Under no circumstances may a premarital agreement affect the child support rights of a child.[3]
A premarital agreement may be revoked or amended only by a written agreement.[4]
Spouses often seek to set aside a premarital agreement, or argue that the agreement is not enforceable as to them. Generally, for a spouse to set aside a premarital agreement, the spouse must demonstrate undue influence, usually coupled with misrepresentation.[5]

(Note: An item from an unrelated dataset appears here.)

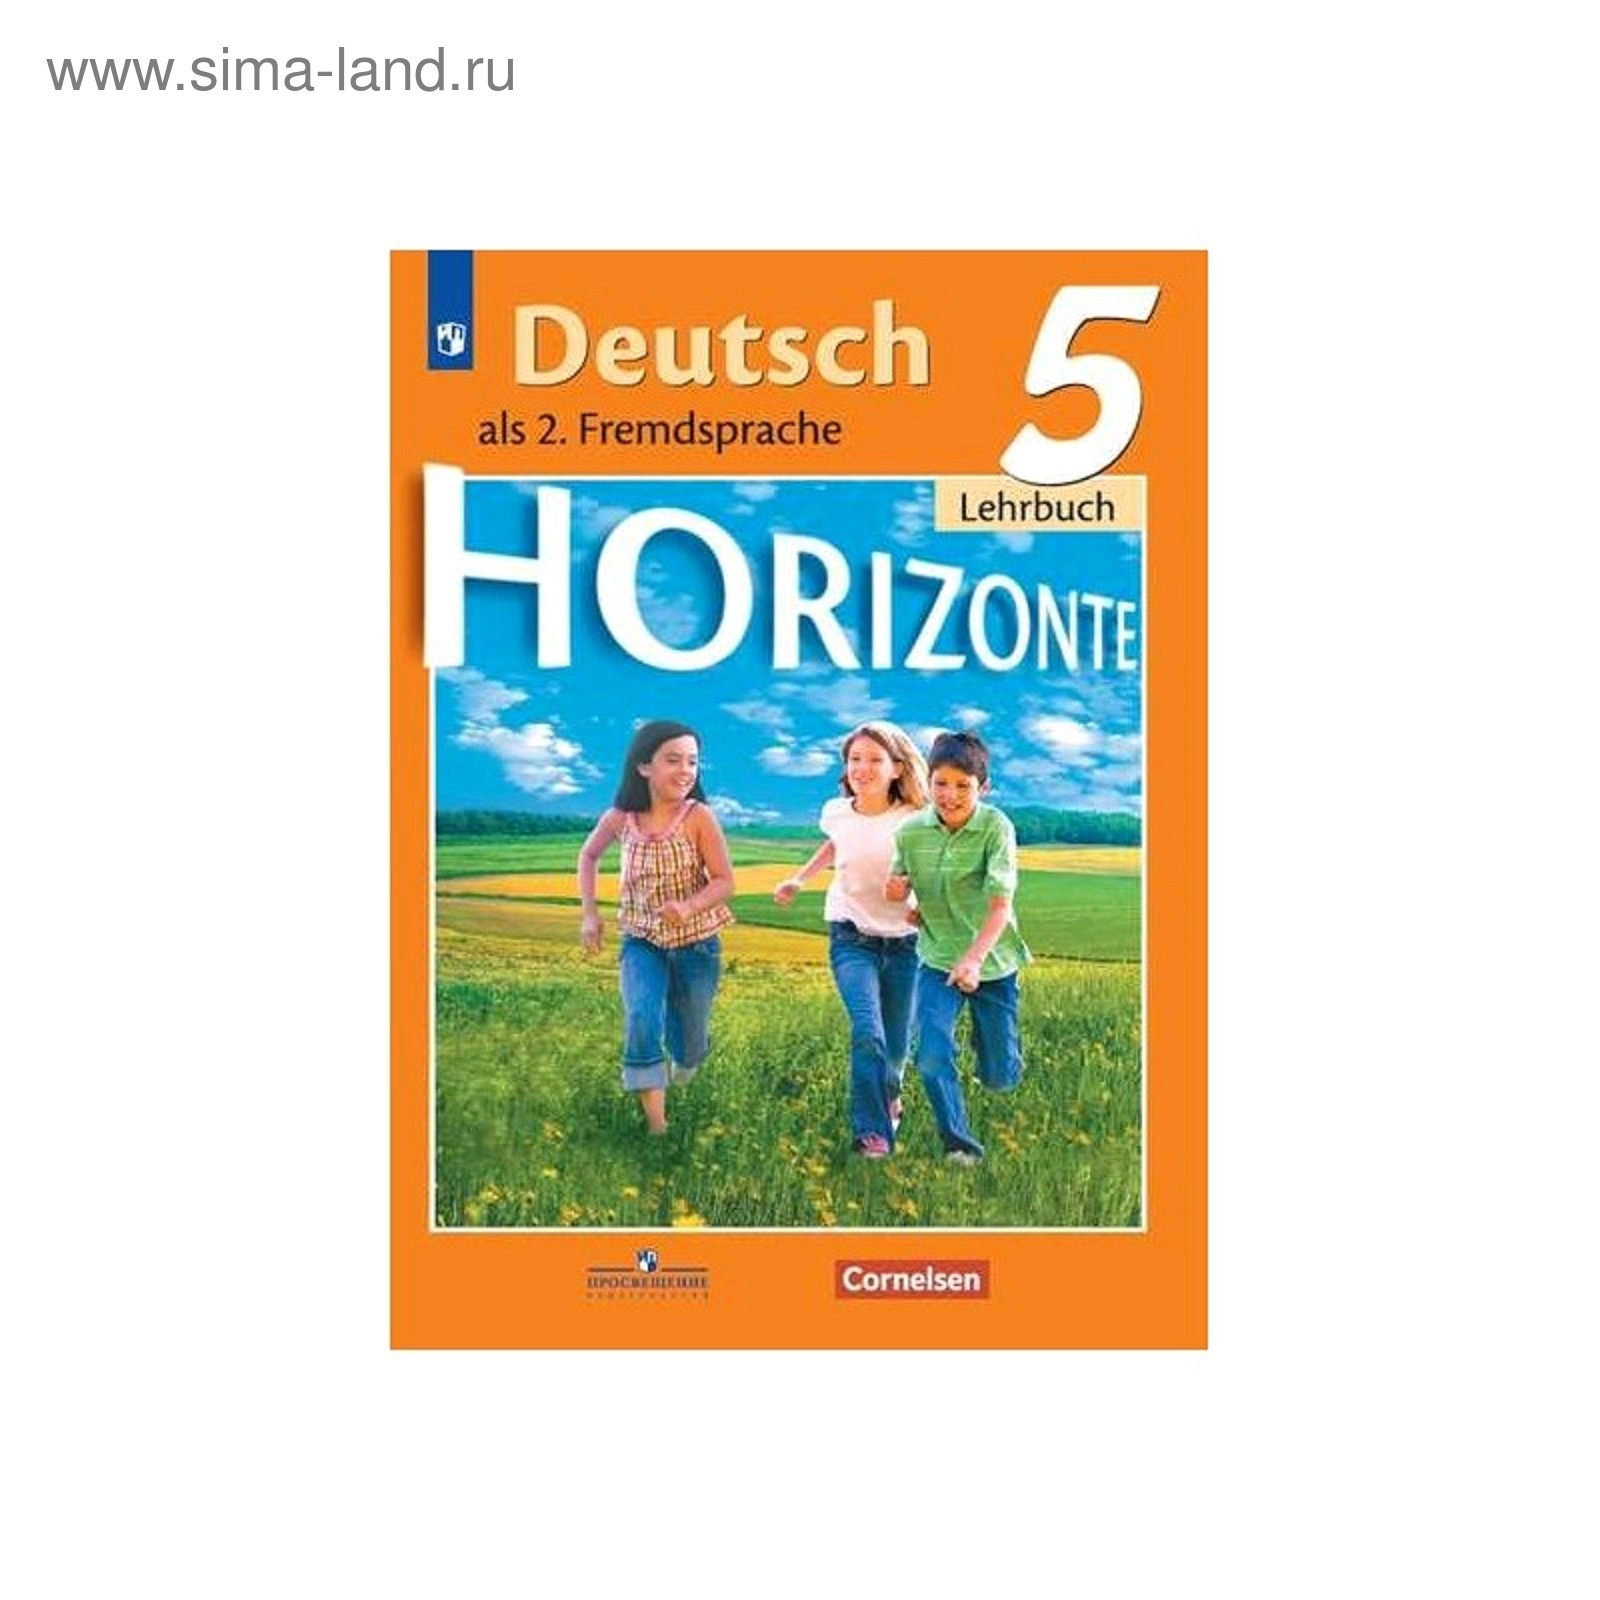 Немецкий язык Горизонты. Учебник 6 класс. Horizonte

To determine the existence of undue influence, the courts will usually attempt to ascertain the parties’ respective bargaining power. Some of the factors that the courts will consider include: (i) extreme disparities between the parties in age, knowledge, or sophistication;
(ii) substantial differences between the parties in their respective degrees of business expertise; (iii) vulnerability of the party claiming undue influence at the time the agreement was executed due to illness, poverty, pregnancy, or similar circumstances; or
(iv) lack of representation for the party claiming undue influence by independent counsel during the preparation, drafting, and signing of the premarital agreement, especially when the other party was represented.
Previously, premarital agreements that sought to limit spousal support payments on dissolution of marriage were held to be unenforceable, as against public policy (they were sought to promote dissolution of marriage). However, in somewhat recent California Supreme Court case, the Court held that spouses may limit support payments to each other during marriage or on dissolution.[6]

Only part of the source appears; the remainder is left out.